[Date Prev][Date Next][Thread Prev][Thread Next][Date Index][Thread Index]
Re: [Qemu-devel] [PATCH for-2.4] tcg/i386: Implement trunc_shr_i32
From: |
Aurelien Jarno |
Subject: |
Re: [Qemu-devel] [PATCH for-2.4] tcg/i386: Implement trunc_shr_i32 |
Date: |
Sun, 19 Jul 2015 13:26:45 +0200 |
User-agent: |
Mutt/1.5.23 (2014-03-12) |
On 2015-07-18 23:18, Aurelien Jarno wrote:
> On 2015-07-18 08:58, Richard Henderson wrote:
> > Enforce the invariant that 32-bit quantities are zero extended
> > in the register. This avoids having to re-zero-extend at memory
> > accesses for 32-bit guests.
> >
> > Signed-off-by: Richard Henderson <address@hidden>
> > ---
> > Here's an alternative to the other things we've been considering.
> > We could even make this conditional on USER_ONLY if you like.
> >
> > This does in fact fix the mips test case.
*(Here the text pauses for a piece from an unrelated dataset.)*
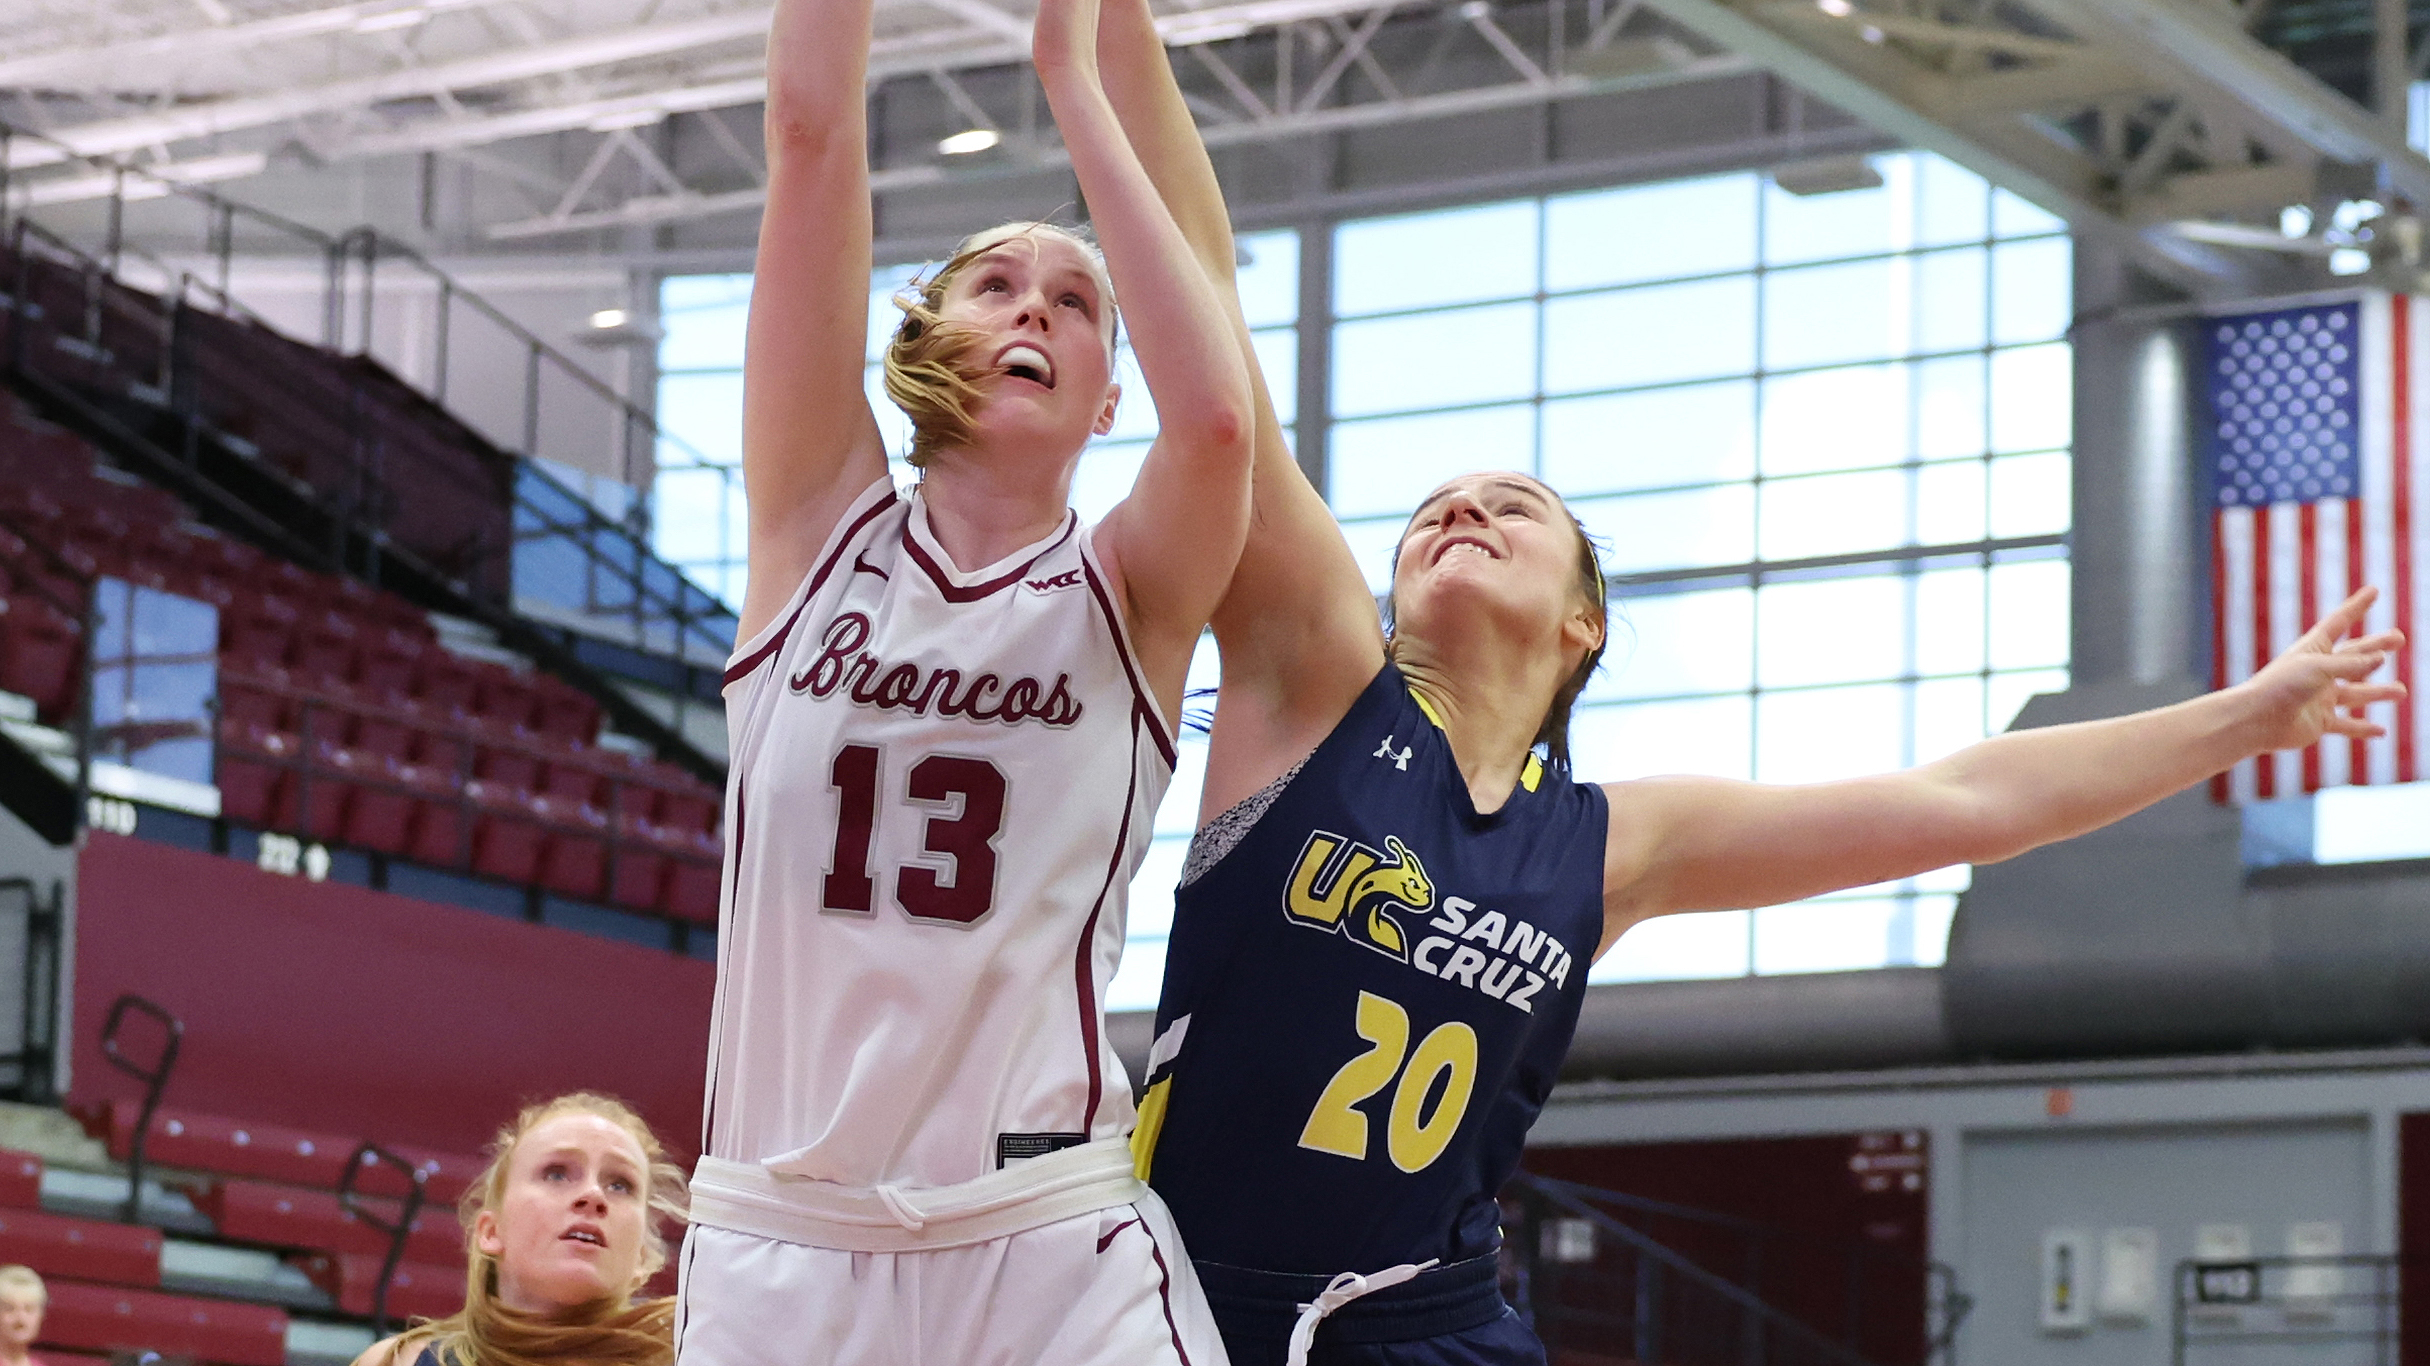 Women's Basketball Turns in Another Strong Performance Before Finals Break

Consider the fact that
> > memory operations are probably more common than truncations, and
> > it would seem that we have a net size win by forcing the truncate
> > over adding a byte for the ADDR32 (or 2 bytes for a zero-extend).
>
> I think we should go with your previous patch for 2.4, and think calmly
> about how to do that better for 2.5. It slightly increases the generated
> code, but only in bytes, not in number of instructions, so I don't think
> the performance impact is huge.
>
> > Indeed, for 2.5, we could look at dropping the existing zero-extend
> > from the softmmu path. Also for 2.5, split trunc_shr into two parts,
>
> From a quick look, we need to move the address to new registers anyway,
> so not zero-extending will mean adding the REXW prefix.
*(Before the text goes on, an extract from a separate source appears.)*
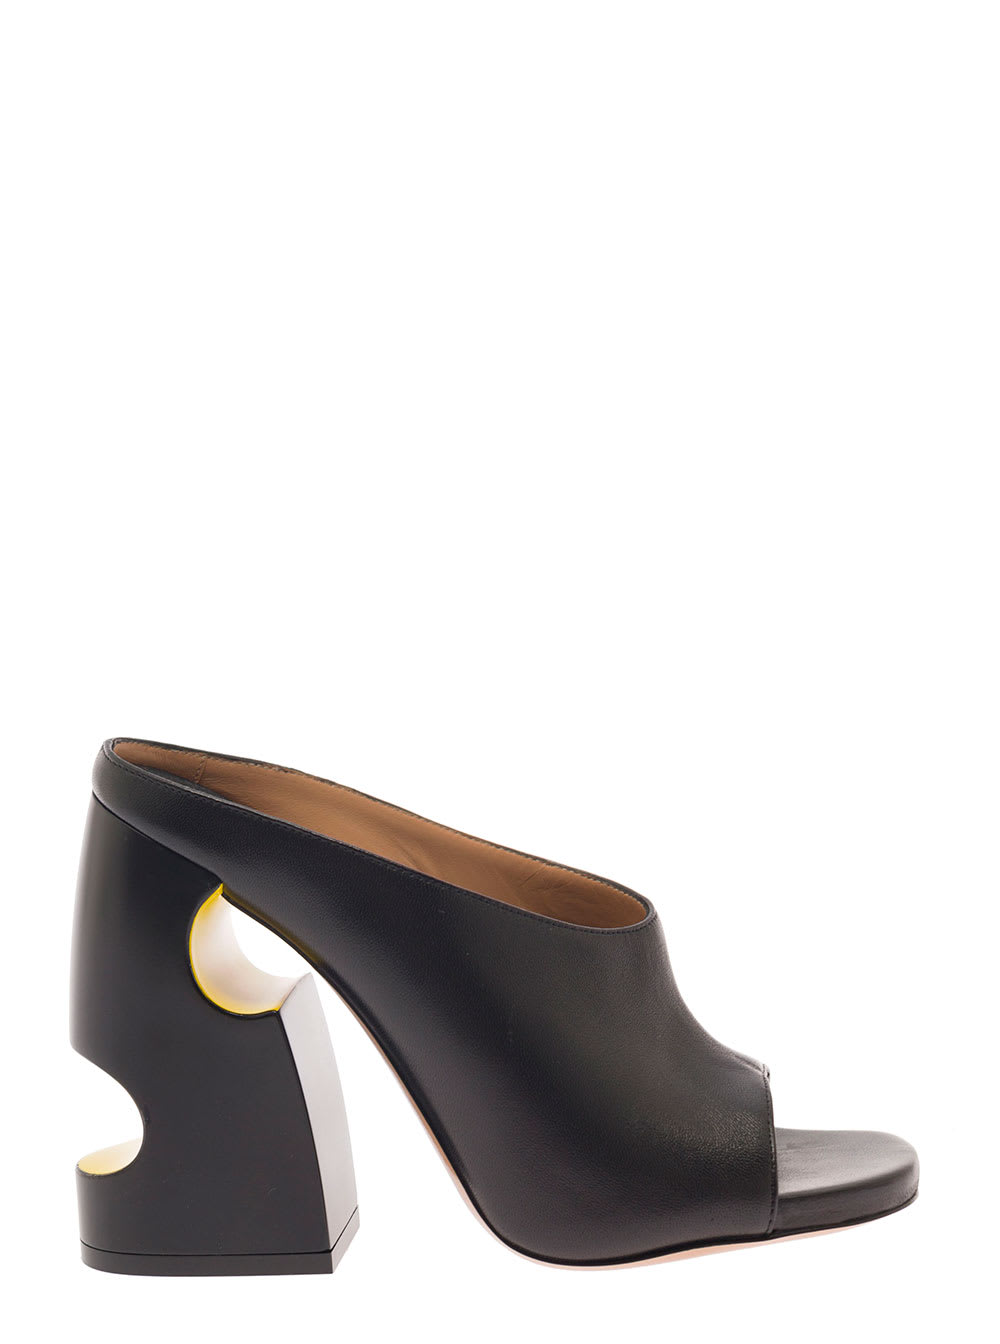 OFF-WHITE POP METEOR MULES IN BLACK LEATHER WOMAN

Well looking more in details, we can move one instruction from the
fast-path to the slow-path. Here is a typical TLB code for store:
fast-path:
mov %rbp,%rdi
mov %rbp,%rsi
shr $0x7,%rdi
and $0xfffffffffffff003,%rsi
and $0x1fe0,%edi
lea 0x4e68(%r14,%rdi,1),%rdi
cmp (%rdi),%rsi
mov %rbp,%rsi
jne 0x7f45b8bcc800
add 0x10(%rdi),%rsi
mov %ebx,(%rsi)
slow-path:
mov %r14,%rdi
mov %ebx,%edx
mov $0x22,%ecx
lea -0x156(%rip),%r8
push %r8
jmpq 0x7f45cb337010
If we know that %rbp is properly zero-extend when needed, we can change
the end of the fast path into:
cmp (%rdi),%rsi
jne 0x7f45b8bcc800
mov 0x10(%rdi),%rsi
mov %ebx,(%rsi,%rbp,1)
However that means that %rsi is not loaded anymore with the address, so
we have to load it in the slow path. At the end it means moving one
instruction from the fast-path to the slow-path.
Now I have no idea what would really improve the performances. Smaller
fast-path so there are less instructions to execute? Smaller code in
general so that the caches are better used?
--
Aurelien Jarno GPG: 4096R/1DDD8C9B
address@hidden http://www.aurel32.net